Episode 902-
Phantom Planet
Movie
Summary: Ladies and Gentlemen,
I give you Phantom
Planet, one of 270 million
cheap sci-fi movies our country churned out during the
late-50s and early 60s. And what would a early 60s sci-fi
movie be like without a stubborn, chunk-headed American
hero? Phantom
Planet has that covered in the
person of Captain Frank Chapman, who crash-lands on a
mysterious planet full of Lilliputian-sized people. Chapman
involuntarily undergoes shrinkage and winds up their size
before he knows it. From there he gets put on trial by the
tiny civilization, gets claimed by a Machievellian young
woman, fights another chunk-headed guy, falls in love with a
mute girl, and helps the wee folk battle the sluggish,
cartoon-dog-faced Solarites who periodically ttack. All in
all, a full day.
Prologue: Mike and the 'bots have an "Andy Rooney-off,"
pitting their respective Andy Rooney imitations against each
other. In the end, no one wins - in fact, we all pay dearly.
Segment One: Down in Castle Forrester, Pearl, Observer, and
Bobo unpack the Doomsday Machine they ordered from Spiegel.

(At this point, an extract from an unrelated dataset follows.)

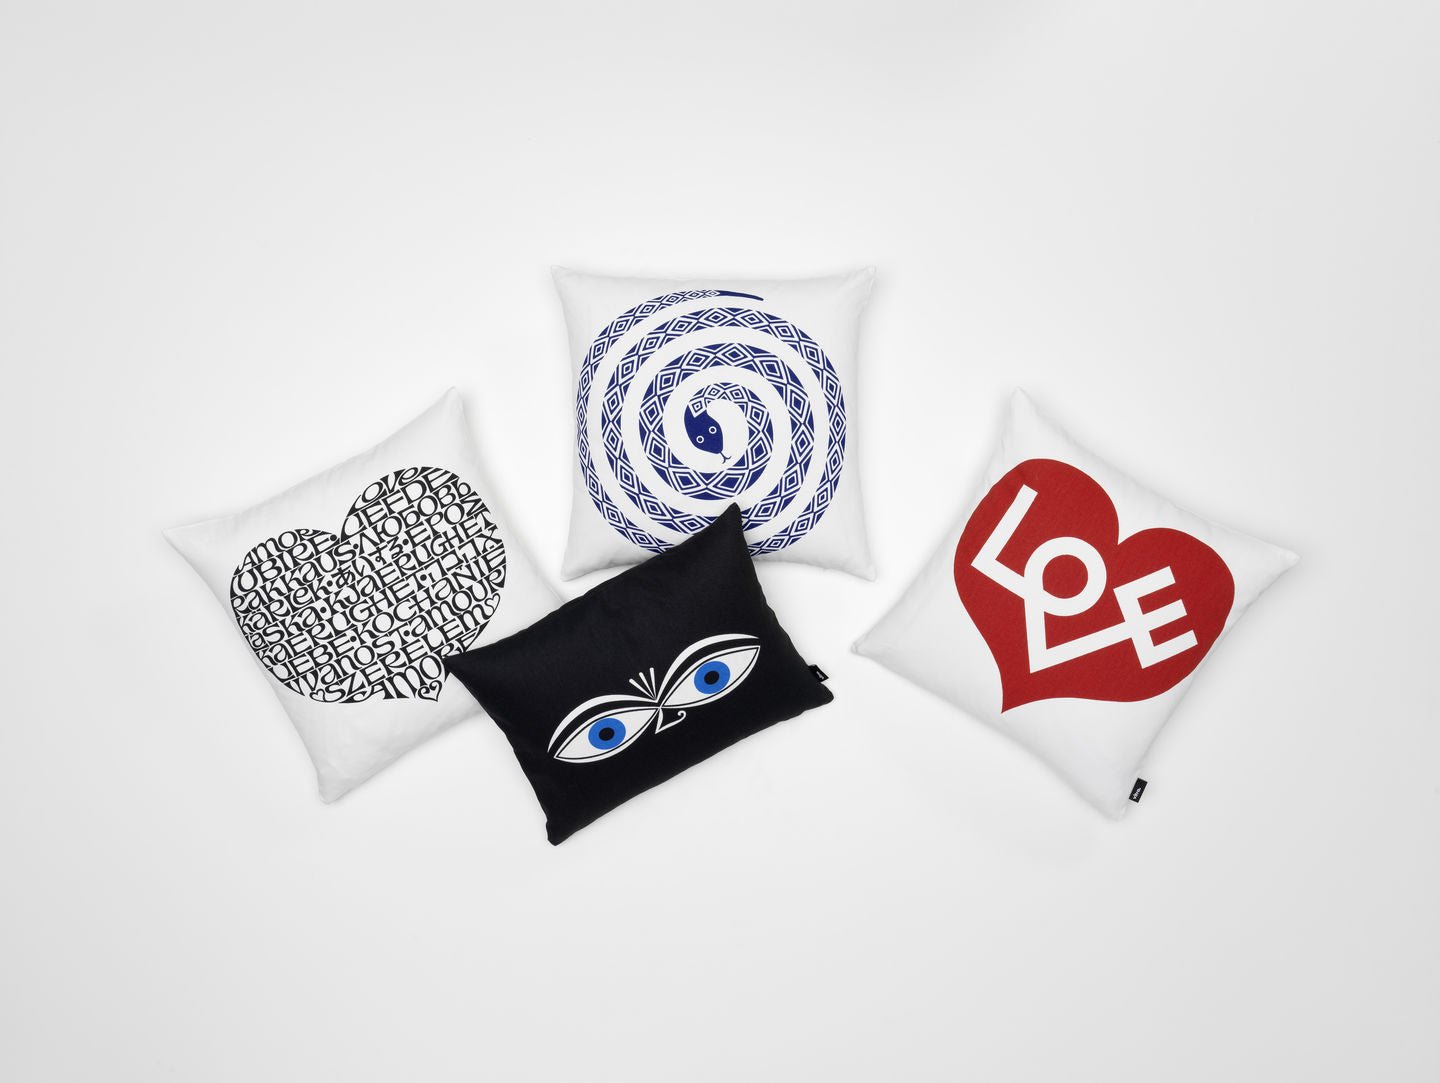 Graphic Print Pillows, Snake ultramarine - Vitra Design Museum Shop

Turns out it requires some assembly. The radioactive core of
the device accidentally gets sent to the SOL, where Servo
and Crow want to keep it as a pet.
Segment Two: Servo tries to take the advice of the doomed
astronaut in the movie, and fix his attention on "the good
and the beautiful". He does this by staring at various
combinations of delicious food items and photographs of sexy
starlets, thereby missing the point entirely, as Servo is
wont to do.
Segment
Three: On the SOL, Mike takes
a space walk and Crow forgets to reel him back in. Down in
Castle Forrester, Pearl and Observer continue struggling to
put the Doomdsay Device together. They hear ghastly, ghostly
noises echoing through the halls and get all scared. And --
what do you know! -- it turns out to be Bobo yawning and
accidentally dragging a chain around.
Segment Four: Inspired by the look of the plaent's control
panels in the movie, Crow and Servo set up an array of water
glasses and practice playing. Mike innocently shows them up
with his virtuoso playing, temporarily upsetting the 'bots,
what with their fragile self-esteem.
Segment Five: Crow dresses as a Solarite from the movie,
sending him into a spiral of existential doubt about what he
really is all about.
On earth, Pearl has despaired of ever finishing the device,
and her confidence as an evil world conqueror is shaken. But
she's cheered by a mob of villagers apparently storming the
castle - that must mean she's a threat. Her heart sinks when
she learns that the peasants are there merely to welcome
them to the neighborhood.
Reflections: For
those of you who follow such things, we found
Phantom Planet eerily redolent of the beginning of last
season. For one thing, it featured Colleen Grey, otherwise
known as The Leech
Woman (show 802) playing
another devious vixen. And it had more than a passing
resemblance to The Mole
People (show 803) -- the same
tiny fake-cavernous set standing in for an entire
underground civilization, and the same old-guys-in-robes
factor. In this case, the main old guy was played by Francis
X. Bushman, who in his younger days was a silent movie star
(featured in the silent version of Ben-Hur). Would
that Phantom
Planet had retained more of a
dignified silence.Though a pretty good movie for the show, I
think, it had many scenes of non-stop expositional chat,
which gives us all here a collective migraine when trying to
write the show. On the plus side of this movie, however:
John Agar was conspicuously absent! -- Bill Corbett.